First, you need to create a model for articles. (Ensure to install Pillow for ImageField-pip install Pillow)

from django.db import models

class Article(models.Model):
    title = models.CharField(max_length=255)
    date = models.DateField()
    tags = models.CharField(max_length=255)
    content = models.TextField()
    slug = models.SlugField(unique=True)
    image = models.ImageField(upload_to='images/', null=True, blank=True)

    def __str__(self):
        return self.title

Second, you need PyYAML for reading the YAML front matter and markdown for converting Markdown content-pip install PyYAML markdown

This is my demo code to the SQLite database from a Markdown file.

def import_markdown_file(self, file_path):
    with open(file_path, 'r') as f: # file_path is a path to your Markdown file.
        content = f.read()

    # Separate YAML front matter and Markdown content
    front_matter, markdown_content = content.split('---\n', 1)[1].split('---\n', 1)

    # Parse the YAML front matter
    metadata = yaml.safe_load(front_matter)

    # Convert Markdown content to HTML (optional)
    html_content = markdown.markdown(markdown_content)

    # Create a new Article object
    article = Article(
        title=metadata.get('title', 'Untitled'),
        date = metadata.get('date', '2024-01-01'),
        tags=','.join(metadata.get('tags', [])),
        content=html_content if html_content else 'Default content',
        slug=os.path.splitext(os.path.basename(file_path))[0],
    )
    
    # Handle the image
    if 'image' in metadata and metadata['image']:
        image_path = os.path.join(os.path.dirname(file_path), metadata['image'])
        if os.path.exists(image_path):
            with open(image_path, 'rb') as img_file:
                # Save image to the ImageField in the Article model
                article.image.save(os.path.basename(image_path), File(img_file), save=False)

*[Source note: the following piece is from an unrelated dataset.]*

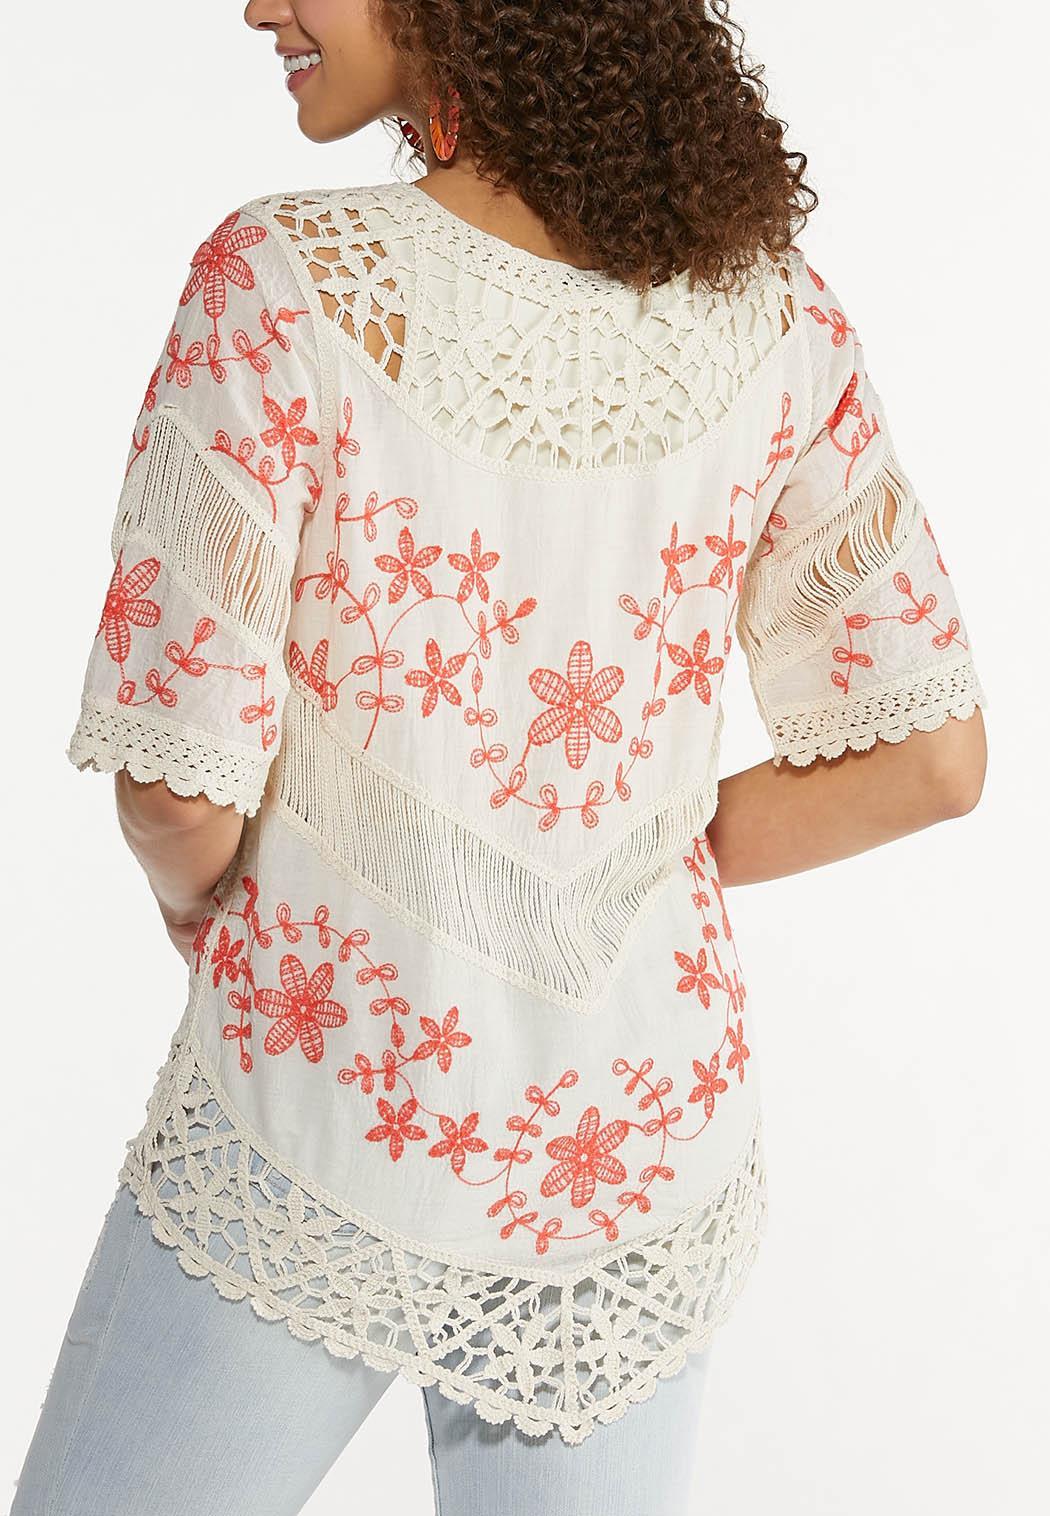 Crochet Floral Tunic (Item #44575483)

    # Save the article object to the database
    article.save()

FYI, images will be uploaded to the media directory(/media/images) in your project. Add these lines in your settings.py

MEDIA_URL = '/media/'
MEDIA_ROOT = os.path.join(BASE_DIR, 'media')

I hope this will solve your issue. Let me know in the comments if you need any further assistance.

You can create a fixture JSON file using your markdown, which can be easily loaded to your database using python manage.py loaddata <your_fixture_file_path> command.

Docs:- https://docs.djangoproject.com/en/5.1/topics/db/fixtures/

Format of JSON fixture:-

[
   {
        "model": "appname.ModelName",
        "pk": 1,
        "fields": {
            "field1": "Value1",
            "field2": "Value2"
        }
    },
    ....
]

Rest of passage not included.